§ **HOW TO COMPLETE THIS TASK**: Output the complete listing exactly, please, and keep the pictures out of it.

§ **INFORMATION SHOWN**:

- - - - -

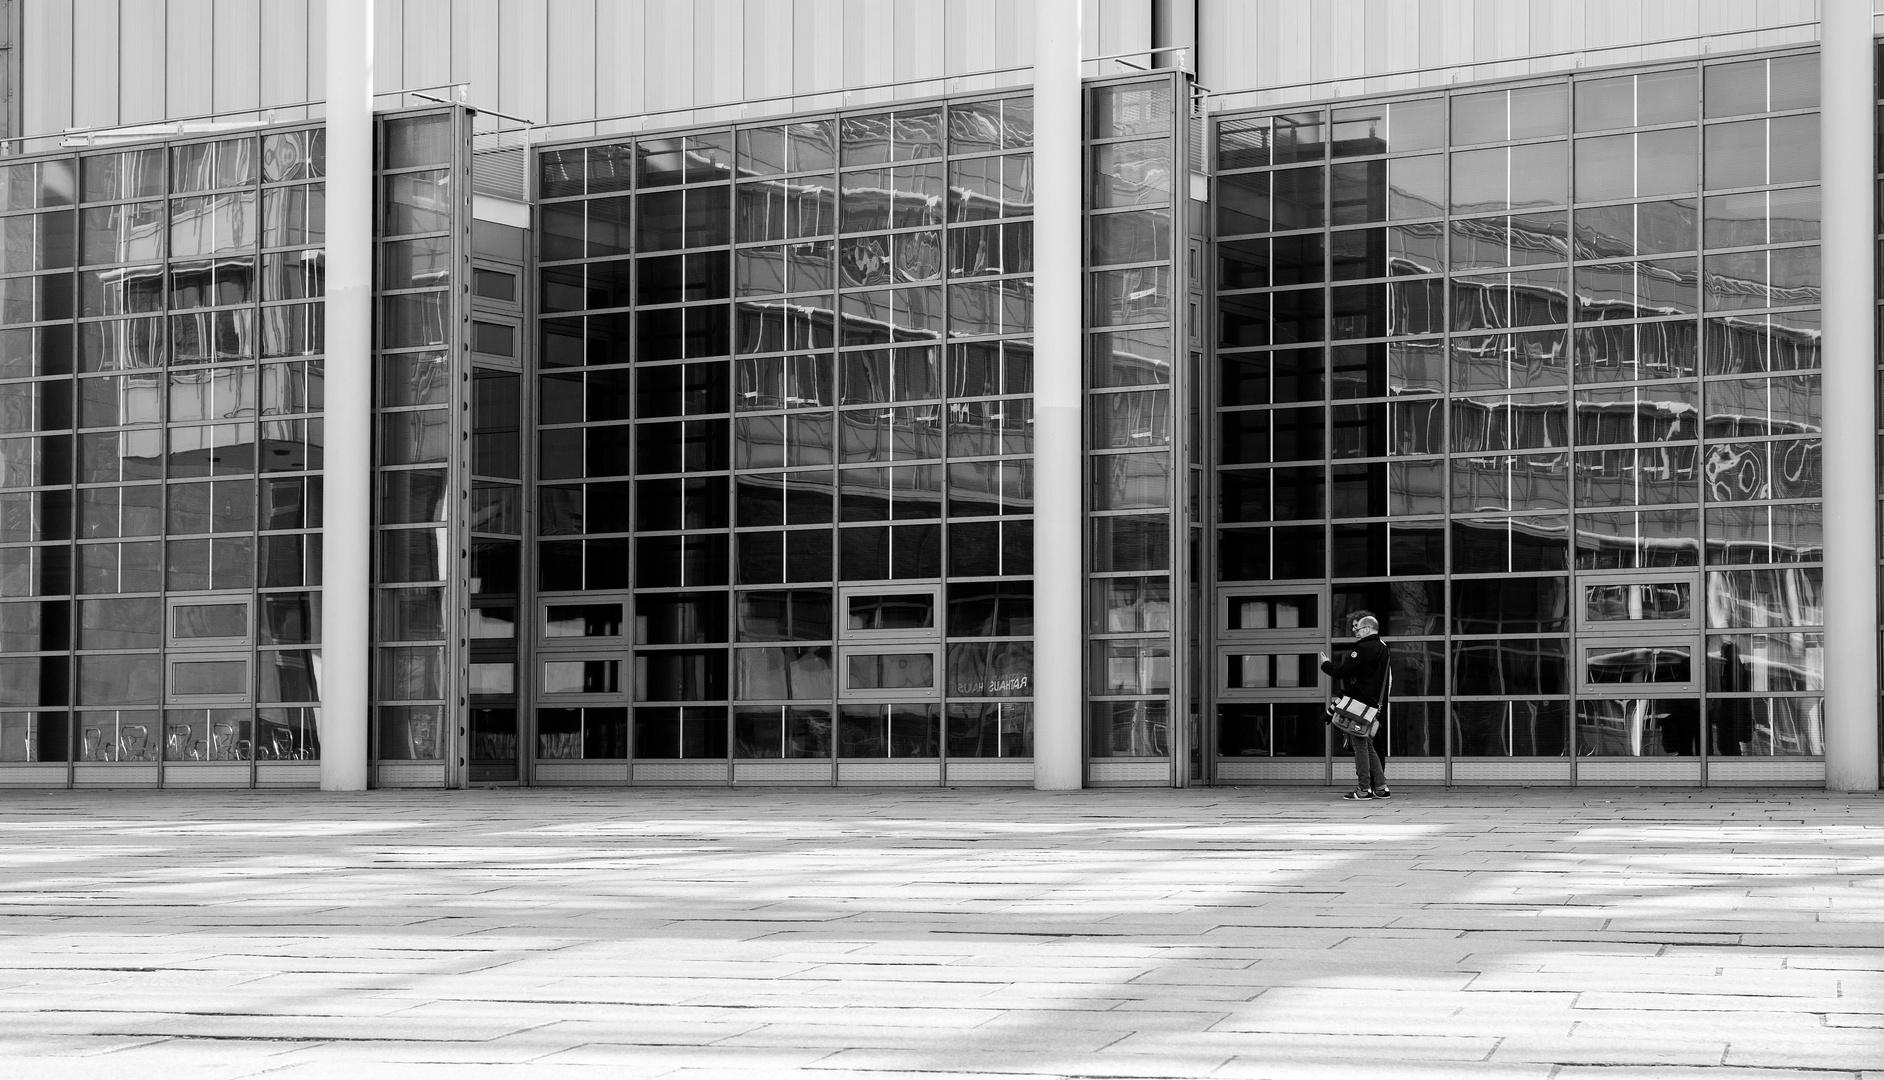 spiegelwand foto & bild | art, outdoor, schwarz-weiss bilder auf
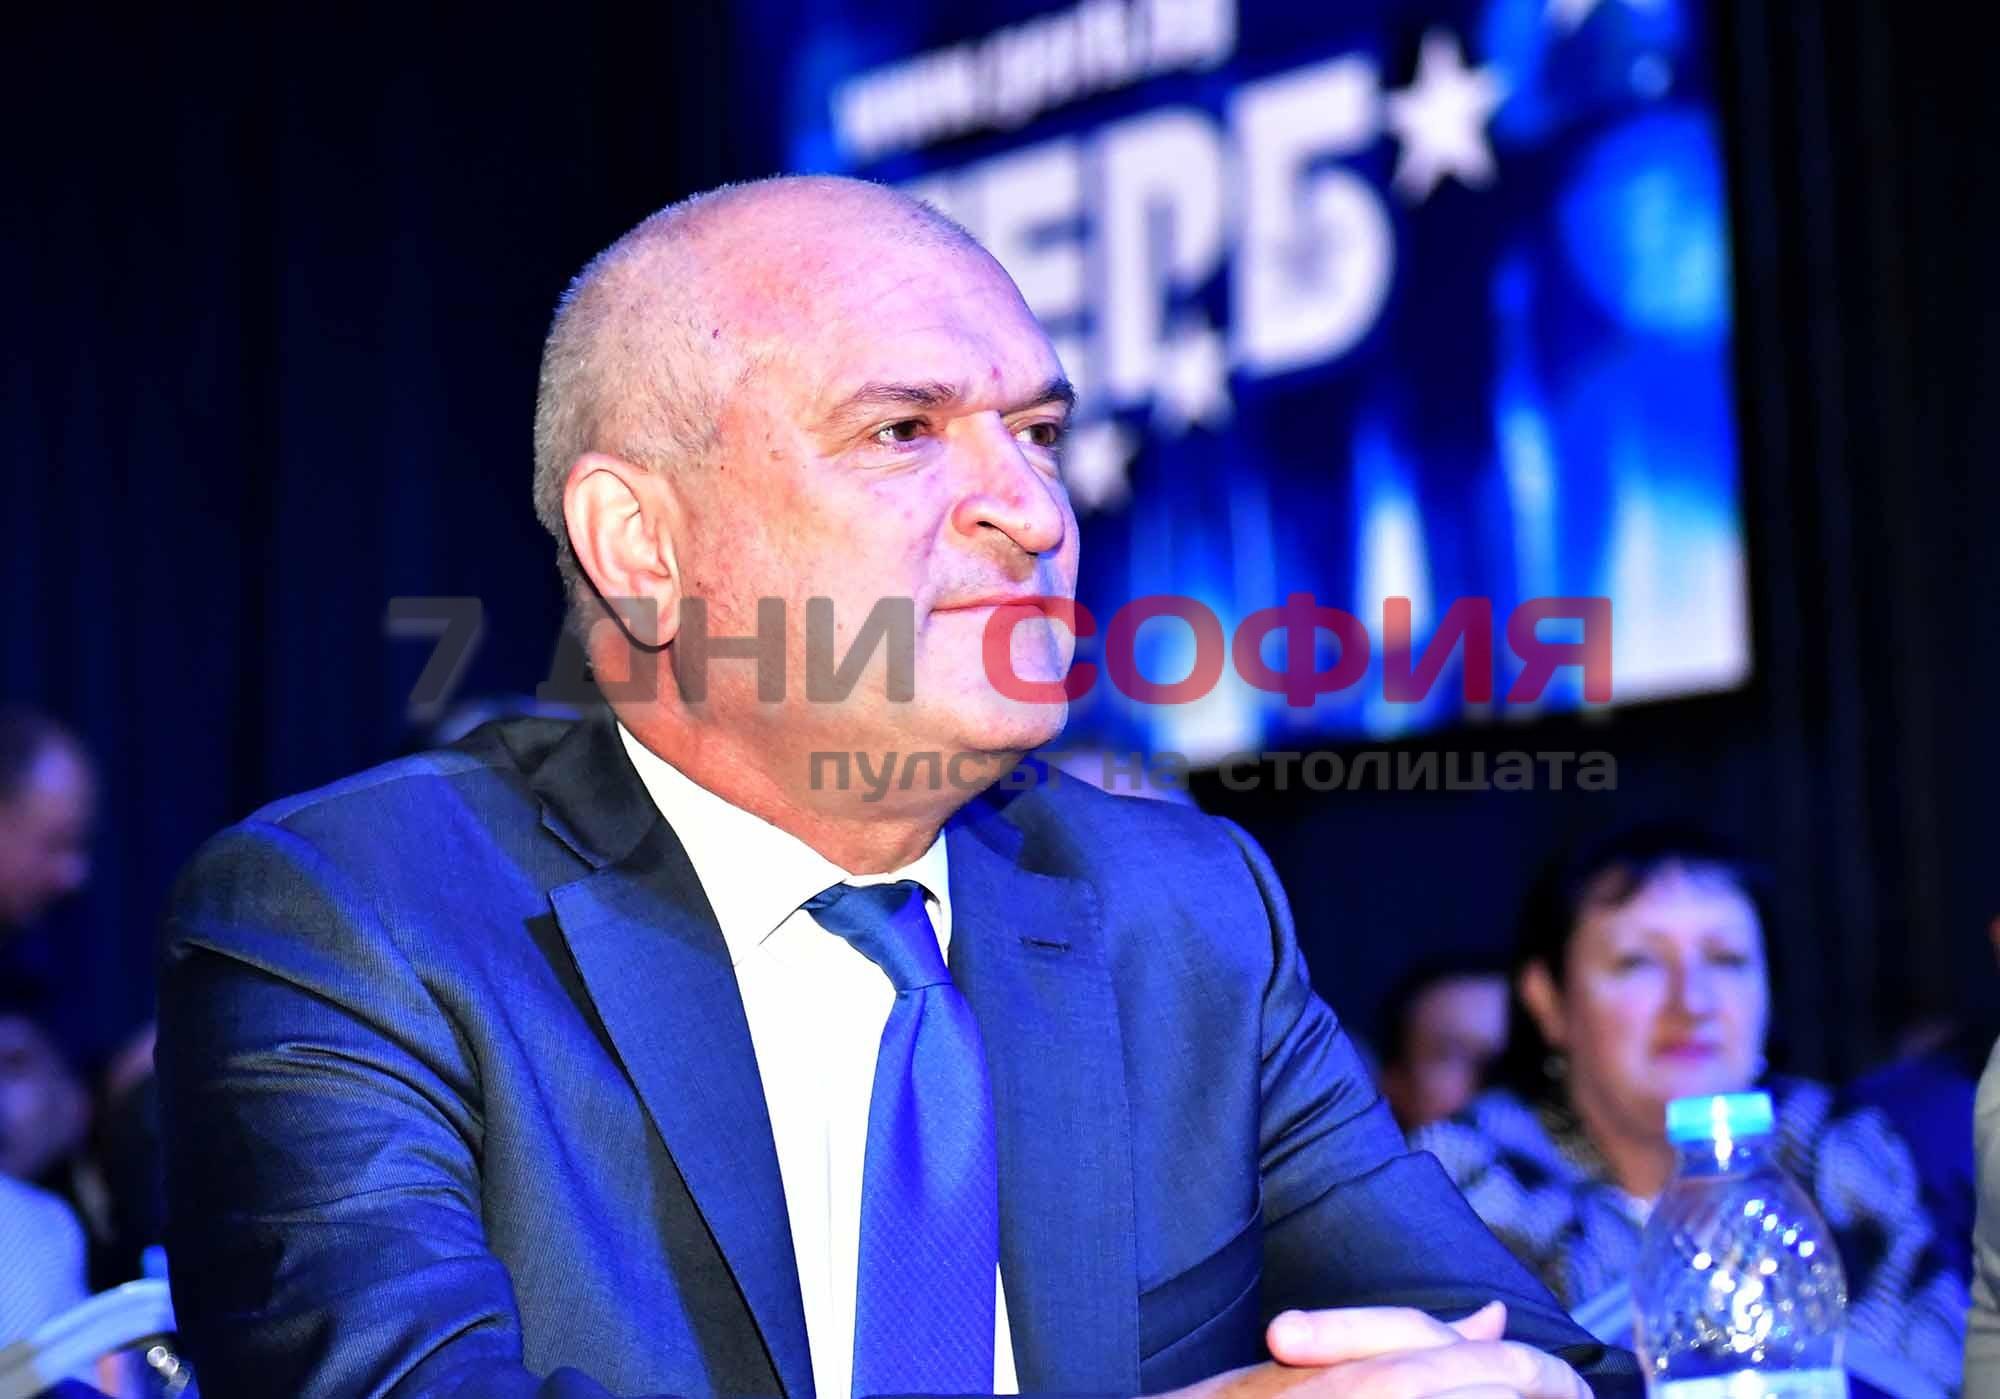 Бойко Борисовще защитава националните интереси в Москва, казаДимитър Главчевпо Канал
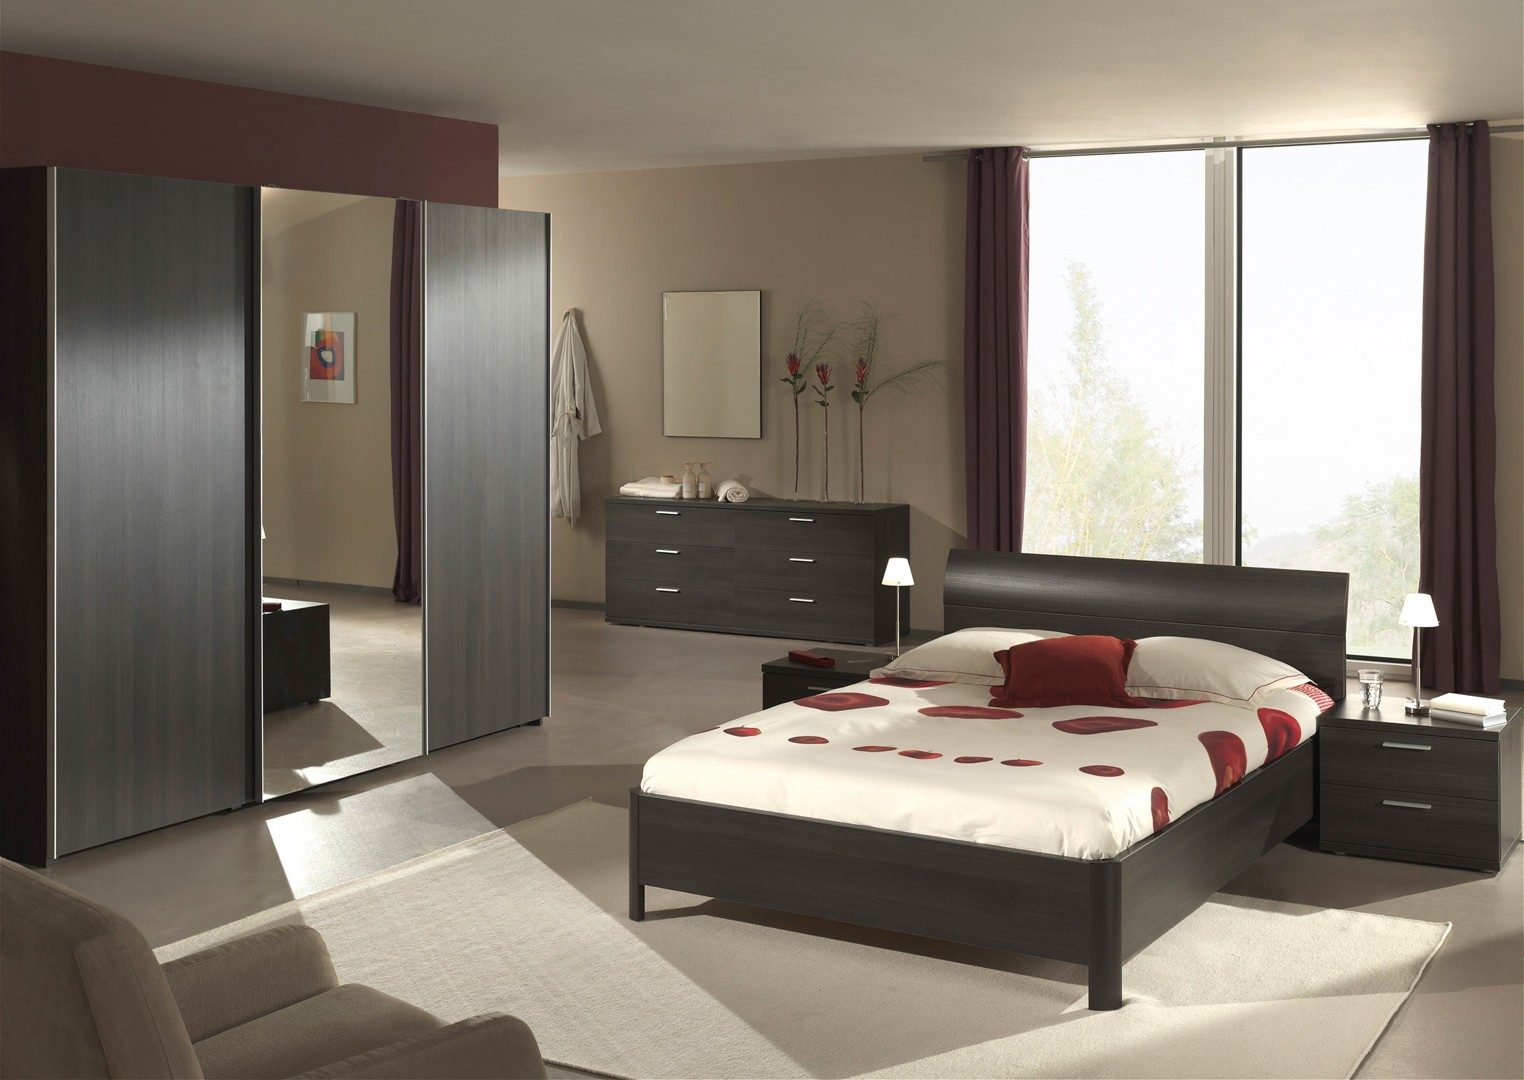 Chambre A Coucher Adulte décoration chambre à coucher adulte 2014 - chambre : idées
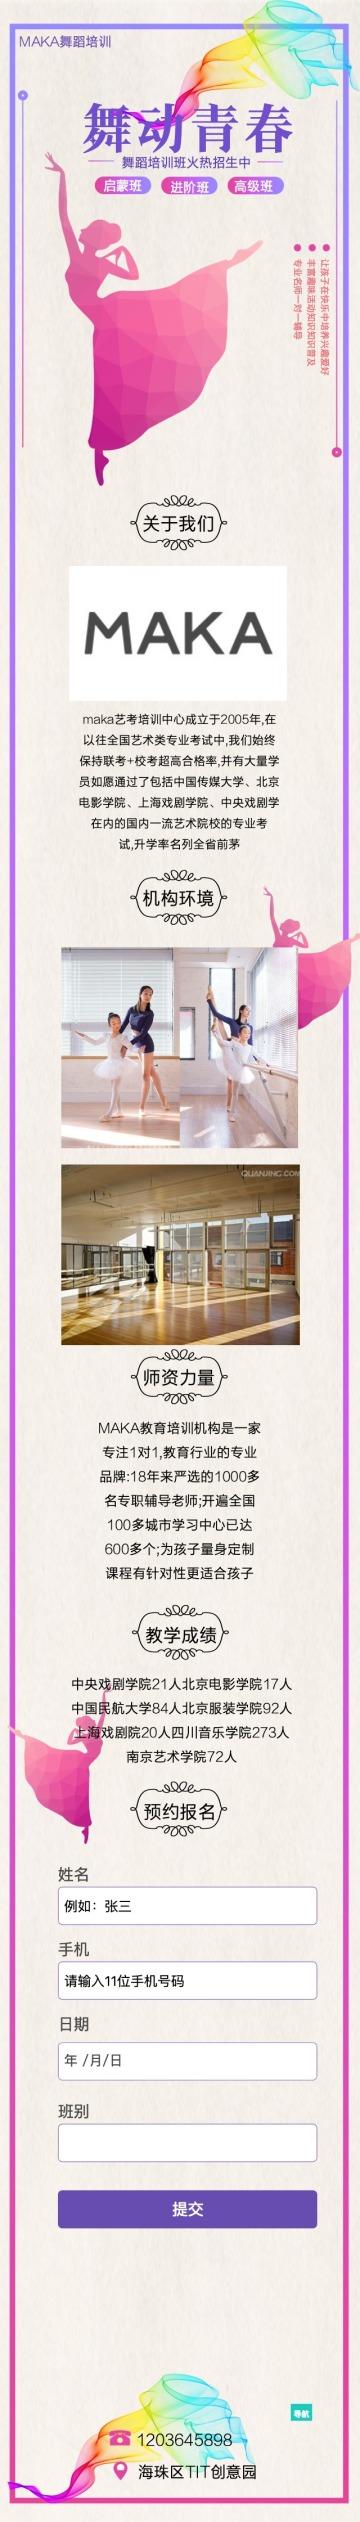 清新文艺教育培训兴趣舞蹈招生介绍推广单页

- - - - -

§ **WRITTEN SOLUTION**:
 spiegelwand foto & bild | art, outdoor, schwarz-weiss bilder auf
 Бойко Борисовще защитава националните интереси в Москва, казаДимитър Главчевпо Канал
 Chambre A Coucher Adulte décoration chambre à coucher adulte 2014 - chambre : idées
 清新文艺教育培训兴趣舞蹈招生介绍推广单页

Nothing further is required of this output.